It's August and you may be feeling the lethargy of summer days, but it's time to get busy planning for October in Germany, where the 17th Annual VISION Show will take place in Stuttgart, from October 19 to 21. The Messe Stuttgart organizers are expecting about 200 exhibitors this year—up from 178 in 2003—occupying around 13,000 m2 of floor space. Three-fifths will be component manufacturers, while the rest will offer complete solutions for machine vision. Approximately 4800 visitors are expected to attend the show, which is one of the industry's top product showcases and networking events.
At a June press briefing in Stuttgart, the state of the machine-vision industry in Germany was described in robust terms by Volker Pape, who chairs the management board of the Machine Vision Group in the VDMA—The German Engineering Federation (Frankfurt, Germany; www.vdma.org). Based on a survey of 54 companies, Pape said the German market rose 15% in 2003 to †830 million, and he expects a 10% growth in 2004. More and more German companies are becoming global, or at least pan-European, players. Exports accounted for 38% of overall turnover in 2003, with customers equally distributed between North America and Asia. Interestingly, German machine-vision companies are purchasing more components from within their own border—up to 40% in 2003 from 28% in 2002. Imports from North America declined from 29% in 2002 to 19% in 2003.
According to Pape, the major application of machine vision in Germany continues to be quality assurance; however, production automation grew significantly, as did material flow control and machine control. Of note, nonindustrial applications are seeing very strong growth, particularly for safety, traffic control, and medicine, and constituted almost 30% of turnover for machine-vision products in 2003. The automobile industry and its suppliers continue to be the largest user sector, with 23% of the market in 2003. Transportation and traffic applications are now the second most frequent end use. And, although it constituted only 1% of the market, the wood-processing and furniture-making industry doubled in size from 2002.

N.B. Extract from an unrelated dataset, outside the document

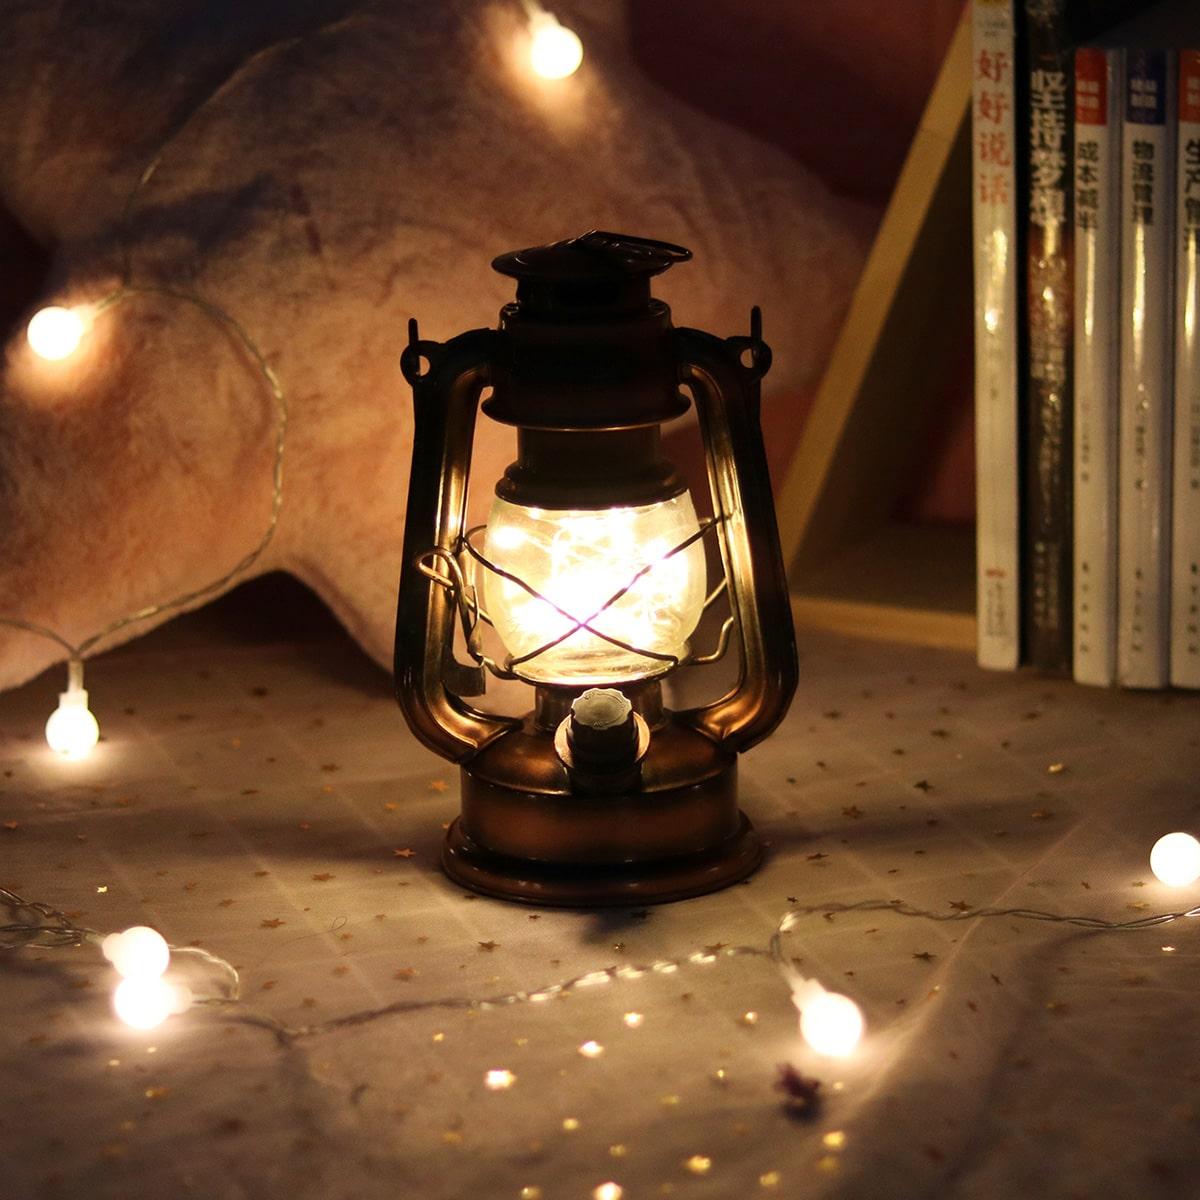 Draagbaar ijzeren nachtlampje

The VISION Show itself will be growing in size when construction of its new venue is finished in 2007. Messe Stuttgart is building a 100,000-m2 trade-fair center adjacent to the airport. The organization now runs about 40 trade fairs and exhibitions each year, and this new, much larger facility should make it an even more competitive location in Germany, since it will have direct motorway, commuter rail, and national train links.
Beyond the lures of technology and business, Stuttgart is a great city to enjoy for its beauty, culture, and food. Personally, I like the Neue Staatsgalerie, which is a postmodern art museum on the Schlossgarten park. If you like non-machine-vision images that capture the real essence of things, there's an entrancing painting by
Alberto Giacometti (Swiss, 1901-1966) of his wife, Annette, that I recommend.